• **ASSIGNED TASK**
Take the data below and extract the lines from the one with "Bilt travel portal homepage" to the one with "Atlantis Land A02-RA241", inclusive, exactly as written.

• **RECORDS FOR THE EXERCISE**

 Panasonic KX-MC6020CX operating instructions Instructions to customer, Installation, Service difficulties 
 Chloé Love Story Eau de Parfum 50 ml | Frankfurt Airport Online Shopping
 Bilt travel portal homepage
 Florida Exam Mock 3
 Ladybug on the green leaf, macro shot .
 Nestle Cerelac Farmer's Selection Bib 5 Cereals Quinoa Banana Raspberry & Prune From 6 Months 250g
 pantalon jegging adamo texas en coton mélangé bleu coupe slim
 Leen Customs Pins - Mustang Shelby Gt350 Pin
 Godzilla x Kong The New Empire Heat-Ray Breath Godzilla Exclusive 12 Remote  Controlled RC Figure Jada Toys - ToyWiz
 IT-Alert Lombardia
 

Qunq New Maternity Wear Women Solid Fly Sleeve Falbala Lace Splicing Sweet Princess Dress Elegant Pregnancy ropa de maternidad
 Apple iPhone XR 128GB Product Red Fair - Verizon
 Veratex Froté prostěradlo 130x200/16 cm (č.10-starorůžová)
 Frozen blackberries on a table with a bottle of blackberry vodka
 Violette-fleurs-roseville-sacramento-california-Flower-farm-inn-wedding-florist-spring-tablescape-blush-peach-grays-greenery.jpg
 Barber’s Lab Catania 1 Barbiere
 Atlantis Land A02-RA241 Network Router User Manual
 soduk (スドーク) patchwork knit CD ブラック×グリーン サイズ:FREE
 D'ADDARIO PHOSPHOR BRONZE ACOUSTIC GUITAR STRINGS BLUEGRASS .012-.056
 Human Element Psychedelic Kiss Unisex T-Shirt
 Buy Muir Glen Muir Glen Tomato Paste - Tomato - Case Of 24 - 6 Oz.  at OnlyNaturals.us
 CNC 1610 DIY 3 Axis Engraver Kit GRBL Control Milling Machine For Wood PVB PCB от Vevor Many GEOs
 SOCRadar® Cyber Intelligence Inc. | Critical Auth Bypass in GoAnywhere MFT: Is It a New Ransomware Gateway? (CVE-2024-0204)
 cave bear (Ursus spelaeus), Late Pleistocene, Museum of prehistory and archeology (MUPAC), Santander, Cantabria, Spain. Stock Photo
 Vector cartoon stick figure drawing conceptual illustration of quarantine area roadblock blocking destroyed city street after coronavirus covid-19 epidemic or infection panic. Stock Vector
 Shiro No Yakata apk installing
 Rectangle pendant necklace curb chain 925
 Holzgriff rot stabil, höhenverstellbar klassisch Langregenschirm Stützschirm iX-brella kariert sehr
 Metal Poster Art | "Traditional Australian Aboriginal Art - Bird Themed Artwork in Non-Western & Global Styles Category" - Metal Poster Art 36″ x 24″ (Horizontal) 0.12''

• **RESULT**
 Bilt travel portal homepage
 Florida Exam Mock 3
 Ladybug on the green leaf, macro shot .
 Nestle Cerelac Farmer's Selection Bib 5 Cereals Quinoa Banana Raspberry & Prune From 6 Months 250g
 pantalon jegging adamo texas en coton mélangé bleu coupe slim
 Leen Customs Pins - Mustang Shelby Gt350 Pin
 Godzilla x Kong The New Empire Heat-Ray Breath Godzilla Exclusive 12 Remote  Controlled RC Figure Jada Toys - ToyWiz
 IT-Alert Lombardia
 

Qunq New Maternity Wear Women Solid Fly Sleeve Falbala Lace Splicing Sweet Princess Dress Elegant Pregnancy ropa de maternidad
 Apple iPhone XR 128GB Product Red Fair - Verizon
 Veratex Froté prostěradlo 130x200/16 cm (č.10-starorůžová)
 Frozen blackberries on a table with a bottle of blackberry vodka
 Violette-fleurs-roseville-sacramento-california-Flower-farm-inn-wedding-florist-spring-tablescape-blush-peach-grays-greenery.jpg
 Barber’s Lab Catania 1 Barbiere
 Atlantis Land A02-RA241 Network Router User Manual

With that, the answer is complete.